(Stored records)
^^^^^^^^

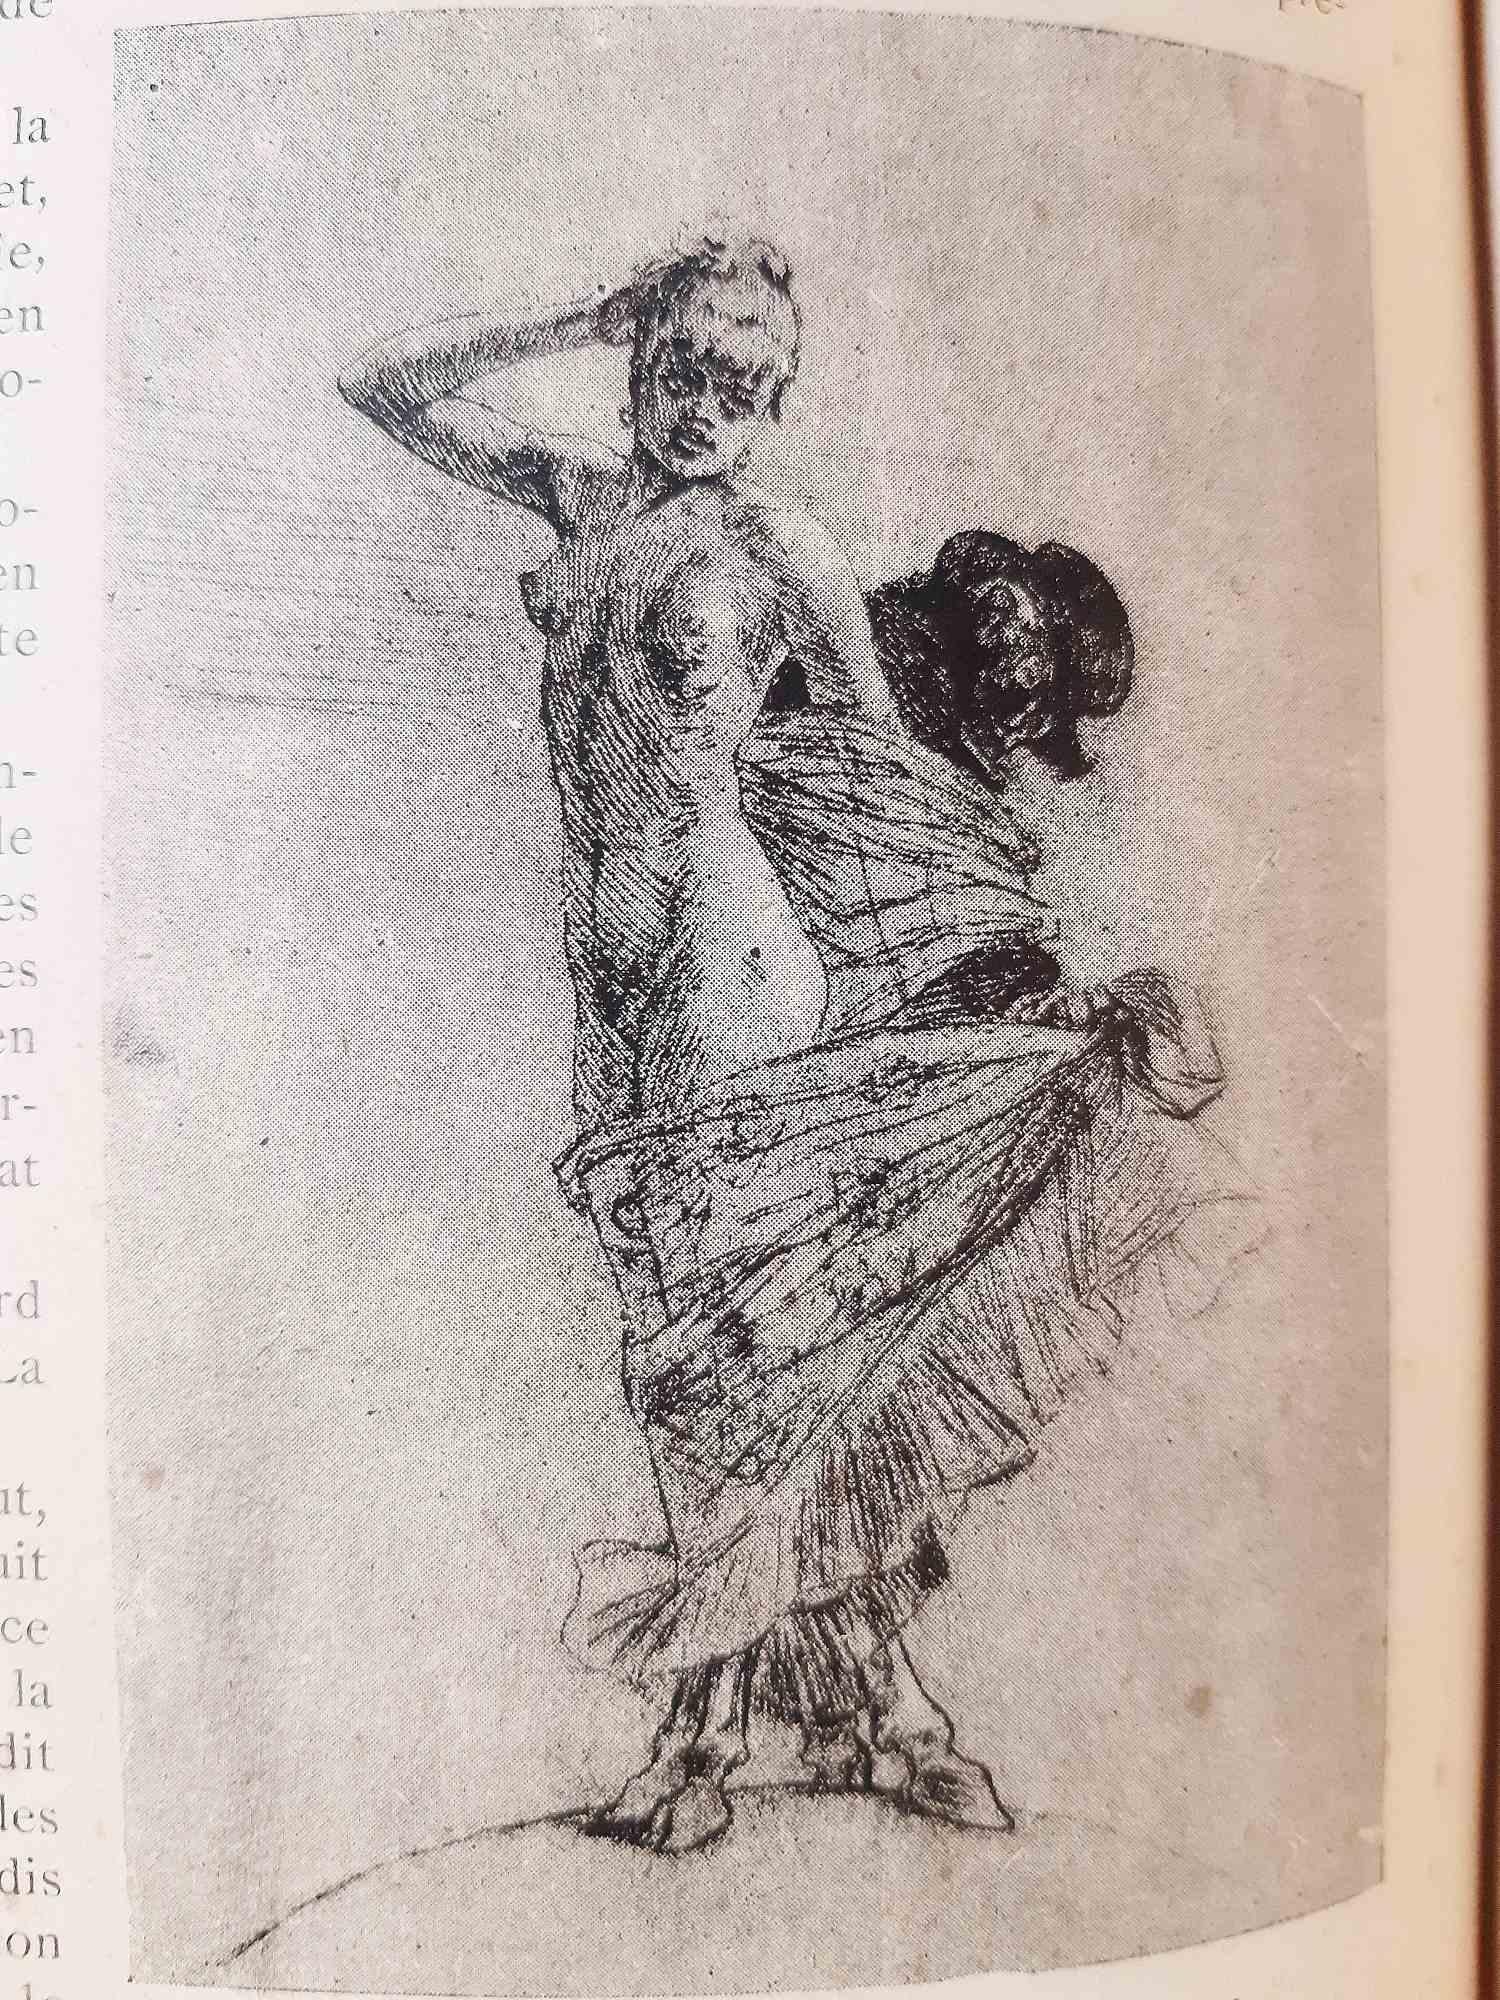 Revue La Plume n° 172 is an original Modern rare Book illustrated by Félicien Rops (7 July 1833 – 23 August 1898) in 1896.

Original Edition.

Published by La Plume, Paris.

Format: In 8°. The dimensions of the book are indicative.

The book is a

^^^^^^^^

From the first line to the last, repeat the data above exactly and leave the pictures out.

 Revue La Plume n° 172 is an original Modern rare Book illustrated by Félicien Rops (7 July 1833 – 23 August 1898) in 1896.

Original Edition.

Published by La Plume, Paris.

Format: In 8°. The dimensions of the book are indicative.

The book is a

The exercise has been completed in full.